"Да, приходится признать, что пушки все время вертелись на уме у Барбикена и его друзей. Недаром же они всю жизнь посвятили баллистике. Сначала они соорудили во Флориде свою "Колумбиаду", чтобы лететь на Луну, теперь, где-то в точке X, они сооружали пушку еще более чудовищную.

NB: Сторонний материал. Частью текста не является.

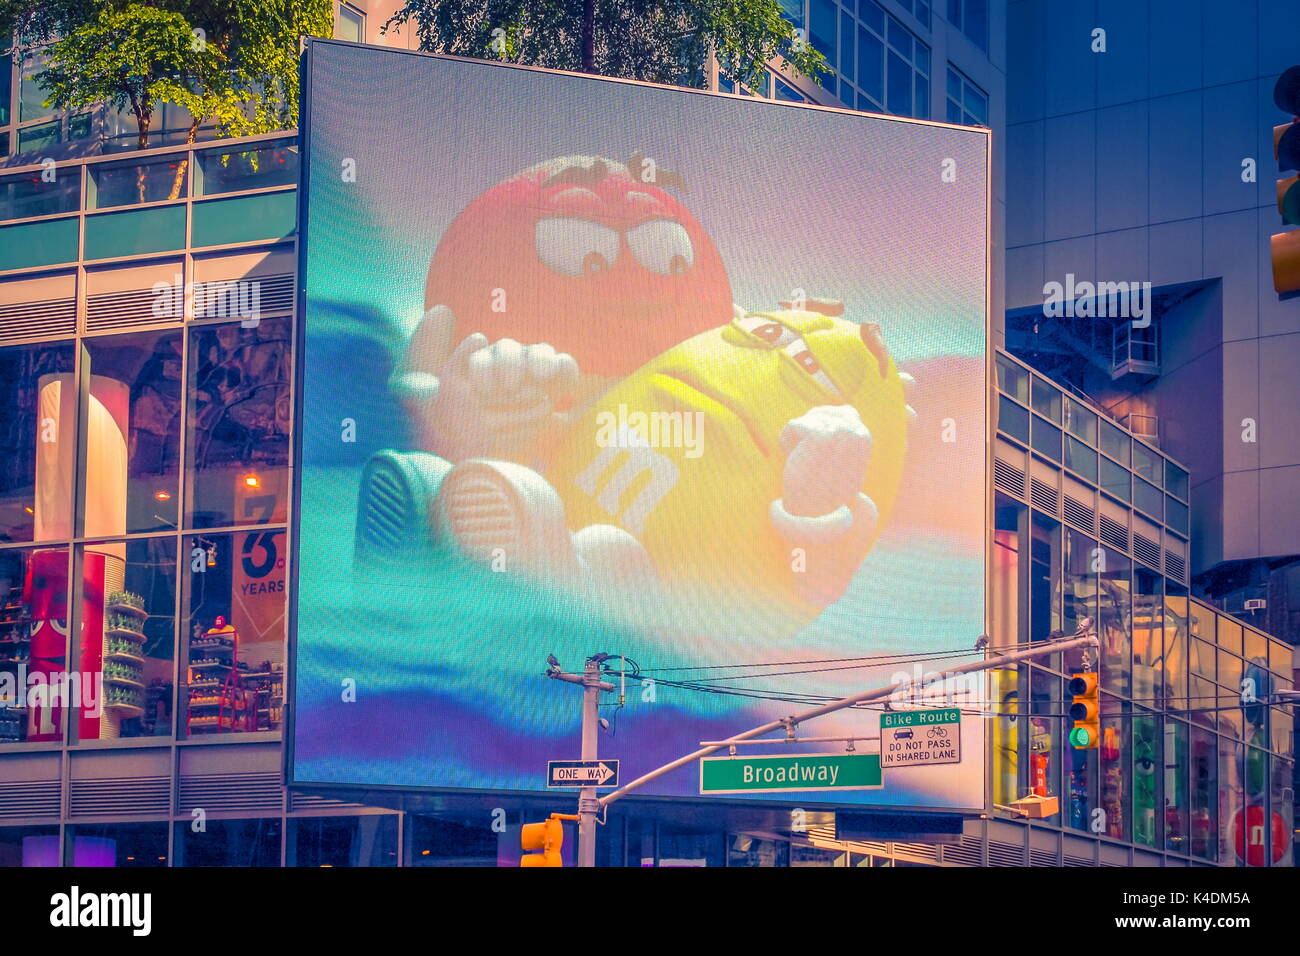 New York, USA - September 27, 2016: Giant billboard showing  M and M Candy on the streets of Broadway. Stock Photo
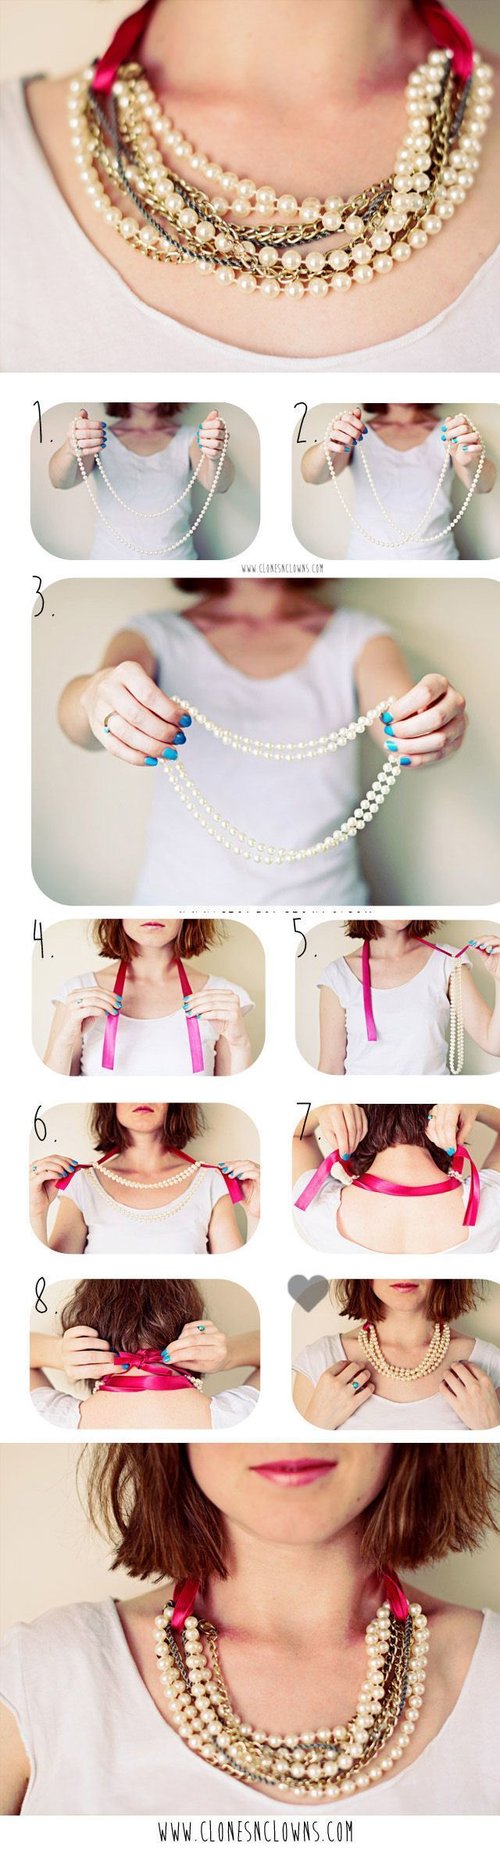 DIY PEARL NECKLACE IN 3 MINUTES

Вот они уже объявляют громогласно: "Наводи на Луну! Первое орудие... Огонь!" "Переставляй земную ось! Второе орудие... Огонь!" И слушая, как они командуют, всему миру не терпится крикнуть: "Сажай в сумасшедший дом! Третье орудие... Огонь!" Трудно поверить, что это было написано почти за столетие до появления военно-промышленного комплекса США. Да так, что хоть выноси в передовицу сегодняшней газеты! Кто еще из писателей девятнадцатого века так вник в психологию будущих пентагоновцев и выявил основной мотив их поступков? Под чьим пером возник научно-технический гений, равно служащий как освоению космоса, так и планам опустошения мира?
Как видим, НФ предугадывает не только грядущие свершения науки и техники...
Но, между прочим, столь прозорливое и глубокое проникновение в психологию тех же ученых-милитаристов было бы невозможно без "научности" НФ. Она-то и оказалась необходимым и сильным инструментом художественно-психологического анализа.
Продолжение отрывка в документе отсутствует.